I’ve made a test on one host in folder “Passive”.

I have configured rule for e-mail notification and it works.
I have configured delay services notification for 5 minutes per “Passive” folder where this host exist.
In parameters of services on this specific host I can see “Delay service notifications Rule 1 in Pasive 5 minutes” and in rules i see that it matches to the host and service.

When service change state notification appears immediately. In events of services I can see:

Events od service:
Final notification result 38 m SERVICE NOTIFICATION RESULT EXIT_CODE (SUCCESS) Spooled mail to local mail transmission agent

User notification 38 m SERVICE NOTIFICATION NOTIFY (WARNING) Total CPU: 9.93% (warn/crit at 4.00%/99.00%)WARN

Core produced a notification 38 m SERVICE NOTIFICATION NOTIFY (WARNING) Total CPU: 9.93% (warn/crit at 4.00%/99.00%)WARN

Service alert 38 m SERVICE ALERT

What I do wrong or what changes in 2.2?
I have another monitoring with version 2.1 and there it’s working like should…

jhouxatjvx · February 1, 2024, 6:57pm

I’m new to checkmk, but there must surely be some bugs in the way the notification delay works.

We found that if you name a host with something other than the FQDN, the delay notifications rule does not apply at all. Notifications are instant.

After switching to FQDN hostnames, the notification delay starts working. However, the delay interval is erratic. When set for 5 minutes, the notifications trigger anywhere between 1min and 39 seconds and up to 5 minutes with most of the notifications triggering between 2 and half to 4 and a half minutes. Its just seriously erratic.

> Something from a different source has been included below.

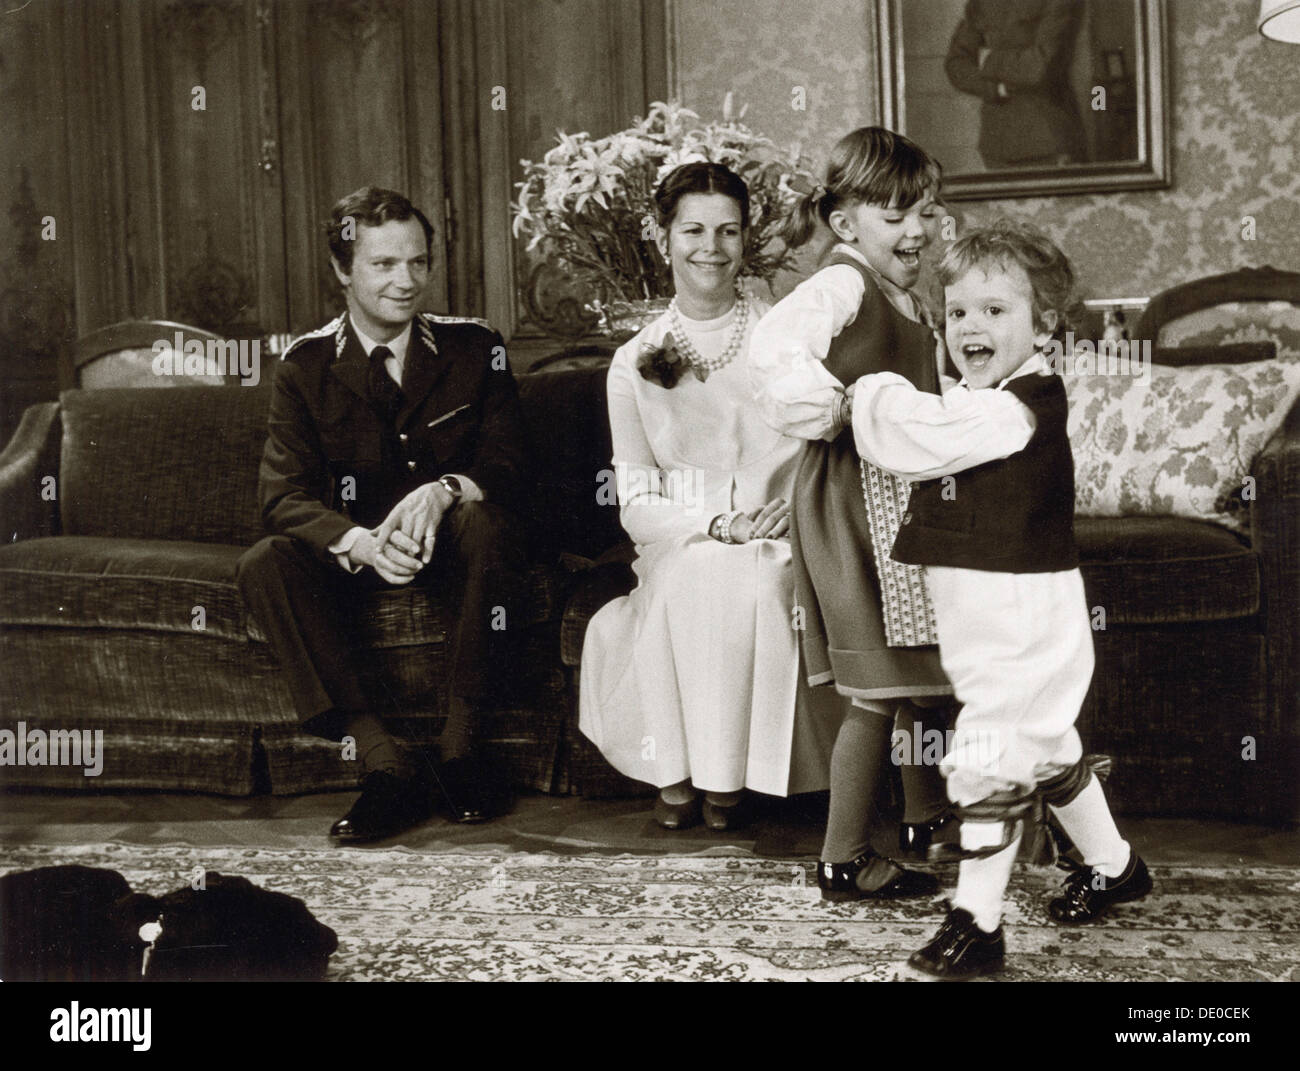 La famille royale Suédoise à leurs officiels de Noël photo shoot, 1981. Artiste : Inconnu Banque D'Images

I haven’t seen anyone else complain about the erratic nature. But given that we proved there’s a disparity between FQDNs and non-FQDNs, and the current thread OPs report of a change in behavior between versions, it seems clear that fresh bugs were introduced in recent history.

MarsellusWallace · February 8, 2024, 1:25pm

Hi James (@jhouxatjvx) ,

which version and edition are you using? I’d like to try to reproduce this in order to have more information…

@marczako: you did not re-asked since October, what is your current situation regarding this? In case delayed notifications still do not seem to work, please report your currently used version and edition, too.

Best regards,
Marsellus W.

marczako · February 8, 2024, 7:56pm

I stoped using e-mail notifications in 2.2…

jhouxatjvx · February 9, 2024, 2:00pm

Raw edition. Also, if you search these forums, you will find that there are other posts with people complaining about notification behavior changing between 2.1 and 2.2. They had working systems that broke when they moved to 2.2.

MarsellusWallace · February 21, 2024, 8:07am

Hi guys,

apologize for the delay, but we have a lot of work and I now start the repro of this:

CMK RAW (CRE) 2.2.0p12
two hosts, 1* shortname, 1* FQHN
two local check services each: 1* always OK, 1* dynamic state
delay for service notifications set to 5 mins

I will test the following for each of the two hosts:

service state changes to non-OK and recovers to OK within <5 mins => no notif should get triggered
service changes to non-OK and stays in this state for a longer time => notif should get triggered after 5 mins
service recovers to OK after notif has been triggered => notif should get triggered, because the delay is only for PROBLEM notifs, not RECOVERY (I assume this )

After those tests I will update to latest RAW version (2.2.0p22) and replay the tests, in the end updating the site to latest Enterprise Edition (CEE) and replaying again…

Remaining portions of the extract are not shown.